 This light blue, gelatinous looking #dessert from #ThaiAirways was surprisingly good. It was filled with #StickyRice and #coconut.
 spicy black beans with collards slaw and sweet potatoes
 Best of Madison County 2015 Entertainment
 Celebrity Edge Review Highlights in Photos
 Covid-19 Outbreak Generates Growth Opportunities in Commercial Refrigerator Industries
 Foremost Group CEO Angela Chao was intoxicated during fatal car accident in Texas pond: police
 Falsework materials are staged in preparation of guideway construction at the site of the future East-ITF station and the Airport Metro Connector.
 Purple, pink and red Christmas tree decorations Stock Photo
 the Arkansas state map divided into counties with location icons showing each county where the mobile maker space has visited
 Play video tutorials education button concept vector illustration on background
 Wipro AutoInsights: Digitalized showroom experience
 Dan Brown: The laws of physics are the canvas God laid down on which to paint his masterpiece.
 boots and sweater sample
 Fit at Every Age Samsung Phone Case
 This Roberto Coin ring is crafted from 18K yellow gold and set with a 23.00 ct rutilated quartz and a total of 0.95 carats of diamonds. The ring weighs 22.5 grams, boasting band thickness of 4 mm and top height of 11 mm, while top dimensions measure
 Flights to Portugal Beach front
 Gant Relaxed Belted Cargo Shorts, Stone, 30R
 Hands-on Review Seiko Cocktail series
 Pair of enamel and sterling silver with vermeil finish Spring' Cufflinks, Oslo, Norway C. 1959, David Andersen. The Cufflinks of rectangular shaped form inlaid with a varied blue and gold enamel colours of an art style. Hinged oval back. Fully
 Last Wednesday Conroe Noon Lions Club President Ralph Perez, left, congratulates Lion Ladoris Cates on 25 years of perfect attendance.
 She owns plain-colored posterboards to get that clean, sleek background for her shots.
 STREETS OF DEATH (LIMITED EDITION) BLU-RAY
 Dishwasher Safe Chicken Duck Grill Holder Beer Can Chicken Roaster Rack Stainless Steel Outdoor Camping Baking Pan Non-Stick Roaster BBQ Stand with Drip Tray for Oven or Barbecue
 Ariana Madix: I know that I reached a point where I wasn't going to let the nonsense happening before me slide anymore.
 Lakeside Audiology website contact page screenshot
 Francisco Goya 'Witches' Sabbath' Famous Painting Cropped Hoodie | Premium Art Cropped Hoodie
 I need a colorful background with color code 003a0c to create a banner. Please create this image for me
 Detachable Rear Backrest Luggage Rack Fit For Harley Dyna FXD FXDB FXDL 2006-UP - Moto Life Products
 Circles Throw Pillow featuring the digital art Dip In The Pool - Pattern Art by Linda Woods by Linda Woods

**GOAL OF THE EXERCISE**
Restate the records word for word, leaving nothing out.

**PROBLEM SOLUTION**
 This light blue, gelatinous looking #dessert from #ThaiAirways was surprisingly good. It was filled with #StickyRice and #coconut.
 spicy black beans with collards slaw and sweet potatoes
 Best of Madison County 2015 Entertainment
 Celebrity Edge Review Highlights in Photos
 Covid-19 Outbreak Generates Growth Opportunities in Commercial Refrigerator Industries
 Foremost Group CEO Angela Chao was intoxicated during fatal car accident in Texas pond: police
 Falsework materials are staged in preparation of guideway construction at the site of the future East-ITF station and the Airport Metro Connector.
 Purple, pink and red Christmas tree decorations Stock Photo
 the Arkansas state map divided into counties with location icons showing each county where the mobile maker space has visited
 Play video tutorials education button concept vector illustration on background
 Wipro AutoInsights: Digitalized showroom experience
 Dan Brown: The laws of physics are the canvas God laid down on which to paint his masterpiece.
 boots and sweater sample
 Fit at Every Age Samsung Phone Case
 This Roberto Coin ring is crafted from 18K yellow gold and set with a 23.00 ct rutilated quartz and a total of 0.95 carats of diamonds. The ring weighs 22.5 grams, boasting band thickness of 4 mm and top height of 11 mm, while top dimensions measure
 Flights to Portugal Beach front
 Gant Relaxed Belted Cargo Shorts, Stone, 30R
 Hands-on Review Seiko Cocktail series
 Pair of enamel and sterling silver with vermeil finish Spring' Cufflinks, Oslo, Norway C. 1959, David Andersen. The Cufflinks of rectangular shaped form inlaid with a varied blue and gold enamel colours of an art style. Hinged oval back. Fully
 Last Wednesday Conroe Noon Lions Club President Ralph Perez, left, congratulates Lion Ladoris Cates on 25 years of perfect attendance.
 She owns plain-colored posterboards to get that clean, sleek background for her shots.
 STREETS OF DEATH (LIMITED EDITION) BLU-RAY
 Dishwasher Safe Chicken Duck Grill Holder Beer Can Chicken Roaster Rack Stainless Steel Outdoor Camping Baking Pan Non-Stick Roaster BBQ Stand with Drip Tray for Oven or Barbecue
 Ariana Madix: I know that I reached a point where I wasn't going to let the nonsense happening before me slide anymore.
 Lakeside Audiology website contact page screenshot
 Francisco Goya 'Witches' Sabbath' Famous Painting Cropped Hoodie | Premium Art Cropped Hoodie
 I need a colorful background with color code 003a0c to create a banner. Please create this image for me
 Detachable Rear Backrest Luggage Rack Fit For Harley Dyna FXD FXDB FXDL 2006-UP - Moto Life Products
 Circles Throw Pillow featuring the digital art Dip In The Pool - Pattern Art by Linda Woods by Linda Woods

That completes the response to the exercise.